Mit beiden Händen drückt sie sich von der Tür ab und scheint sich über ihr weiteres Handeln nicht im Klaren zu sein. Suchend schaut sie sich im Raum um, entdeckt ihr Klemmbrett, schenkt ihm jedoch keine weitere Beachtung. Im Zeitlupentempo wendet sie sich wieder der Tür zu. Gedankenverloren betrachtet sie den im Schloss steckenden Schlüssel. Blitzschnell schießt ihre Hand vor, versucht den Schlüssel zu drehen, erfährt die beruhigende Bestätigung, dass sie bereits bei Einbruch der Dunkelheit die Tür wie jeden Abend verschlossen hat.
Mit steinerner Miene entfernt sie das mit Tesafilm an der Glasscheibe befestigte weiße Papier, entrissen aus einem Notizblock. Bevor sie es zerknüllt und in die ausgebeulte Hosentasche ihres Monteuranzugs steckt, liest sie noch einmal den Satz, der mit schwarzem Filzstift auf dem Papier notiert ist, und der für den Bezahlvorgang der Kunden in den letzten Tagen so wichtig war. Die Hände in die Hüfte gestützt stapft sie hoch aufgerichtet durch den Verkaufsraum, steuert die Metalltür neben dem Tresen an, verschwindet, ohne sich noch einmal umzudrehen, in dem dahinter liegenden kleinen Lagerraum.

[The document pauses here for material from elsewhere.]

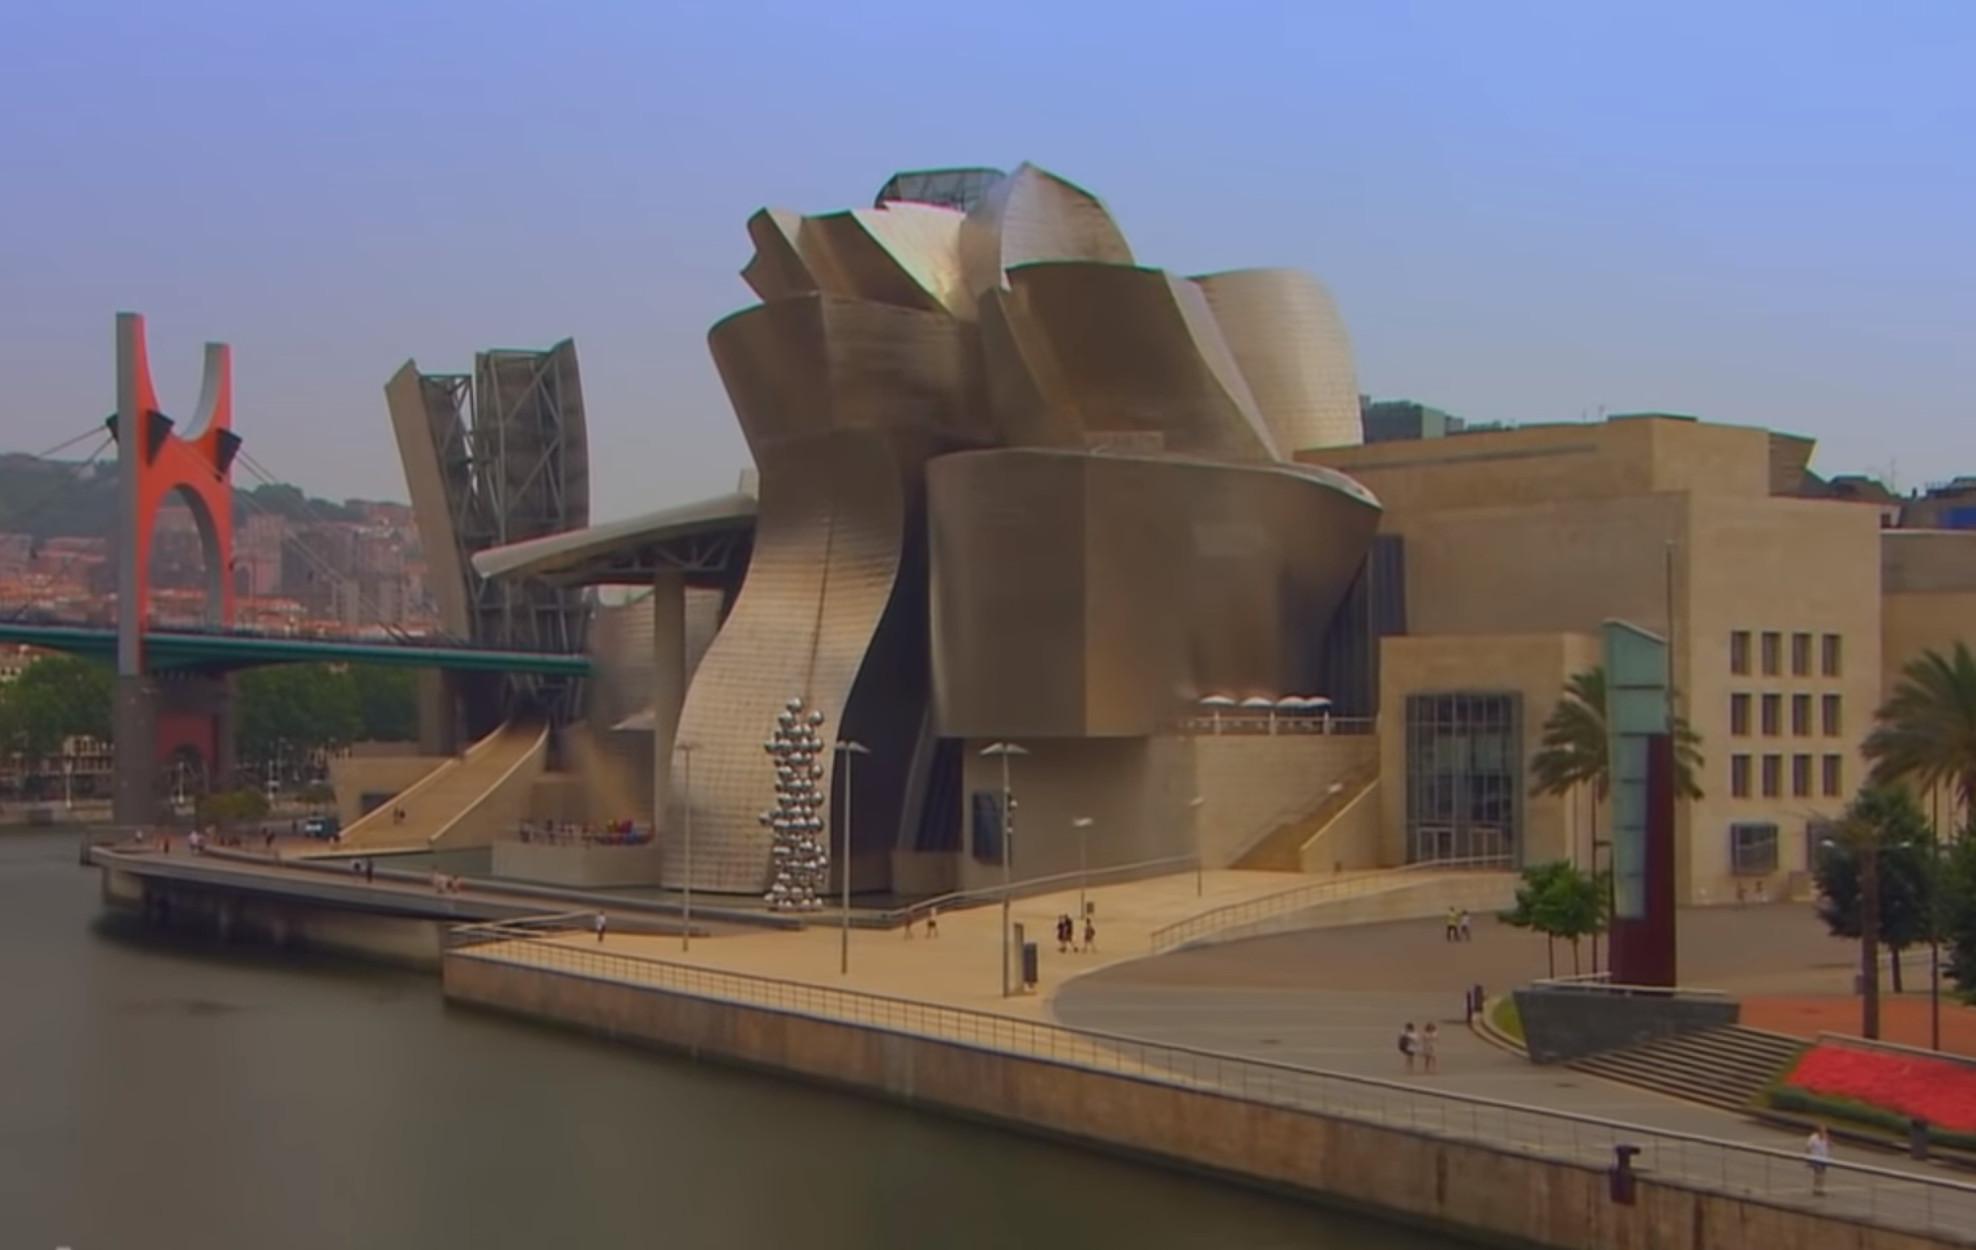 Ισπανία: Ανοίγει ξανά το Γκούγκενχαϊμ, το πρώτο μεγάλο μουσείο μετά την καραντίνα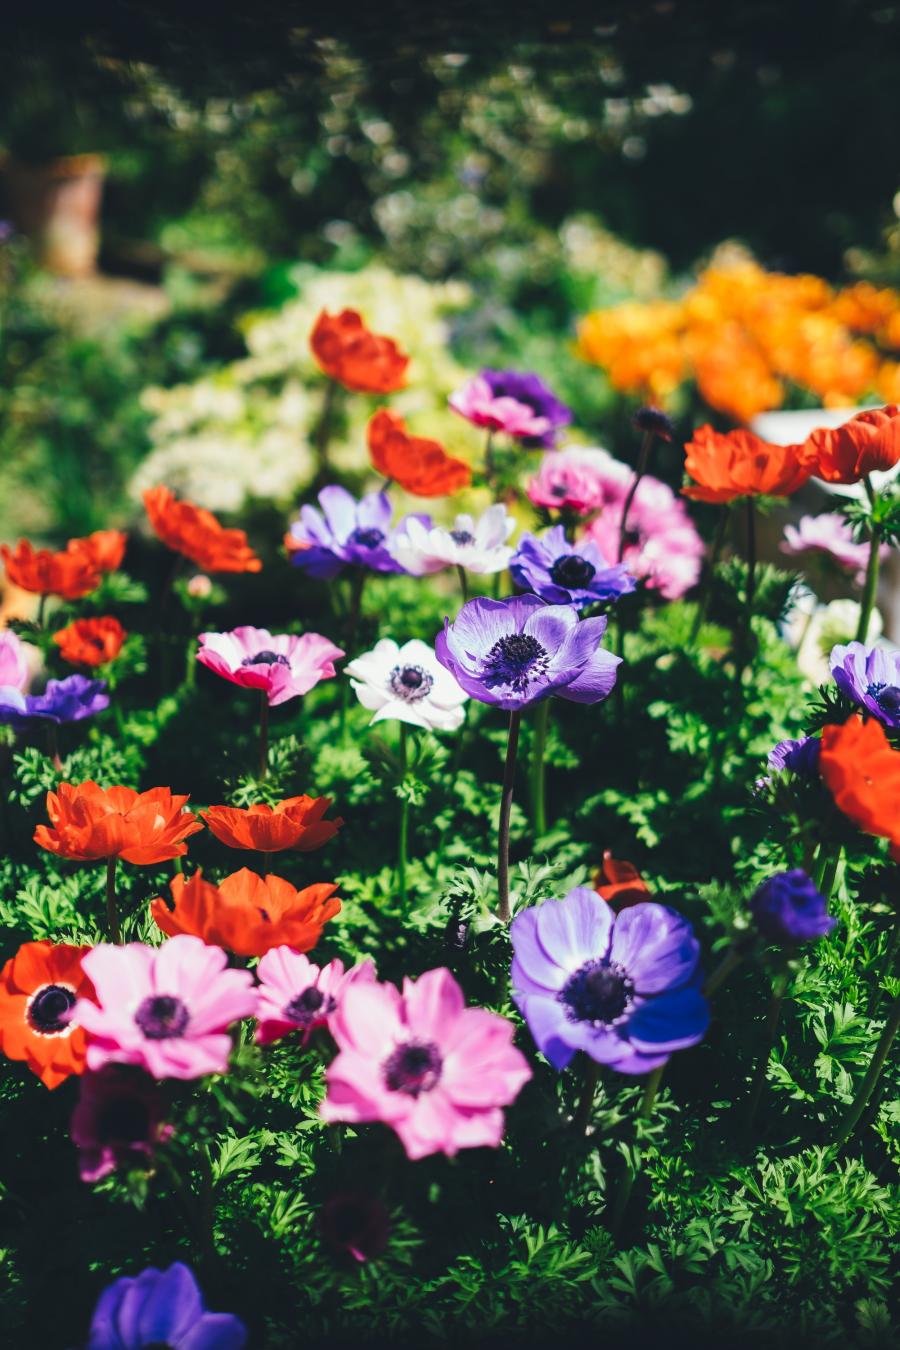 Cele mai frumoase flori din lume, intr-un pictorial de exceptie - Poza 2

Die Körperhaltung des Autofahrers verändert sich. Seine Hände umklammern das Lenkrad, sein Oberkörper richtet sich senkrecht auf, sein Nacken versteift sich, der Blick wandert vom Tankstellengebäude auf den Beifahrersitz. Der Fahrer atmet mehrfach tief ein, lässt den Atem stoßweise entweichen, versucht seiner Anspannung entgegen zu wirken. Nachdenklich, als müsste er sich über die Richtigkeit seines Handelns vergewissern, betrachtet er den Rucksack, der sich in Farbe und Material vom Beifahrersitz kaum abhebt. Mit der rechten Hand zieht er ihn schließlich näher heran, bricht den Versuch, ihn hochzuheben, ab und schiebt ihn auf den Sitz zurück. Verunsichert fixiert er erneut die schwach erleuchtete Fensterfront, legt nach wenigen Sekunden den Kopf in den Nacken, starrt an die Deckenverkleidung, nähert sein Gesicht dem Innenspiegel und streicht sich in Zeitlupentempo eine Haarsträhne aus der Stirn.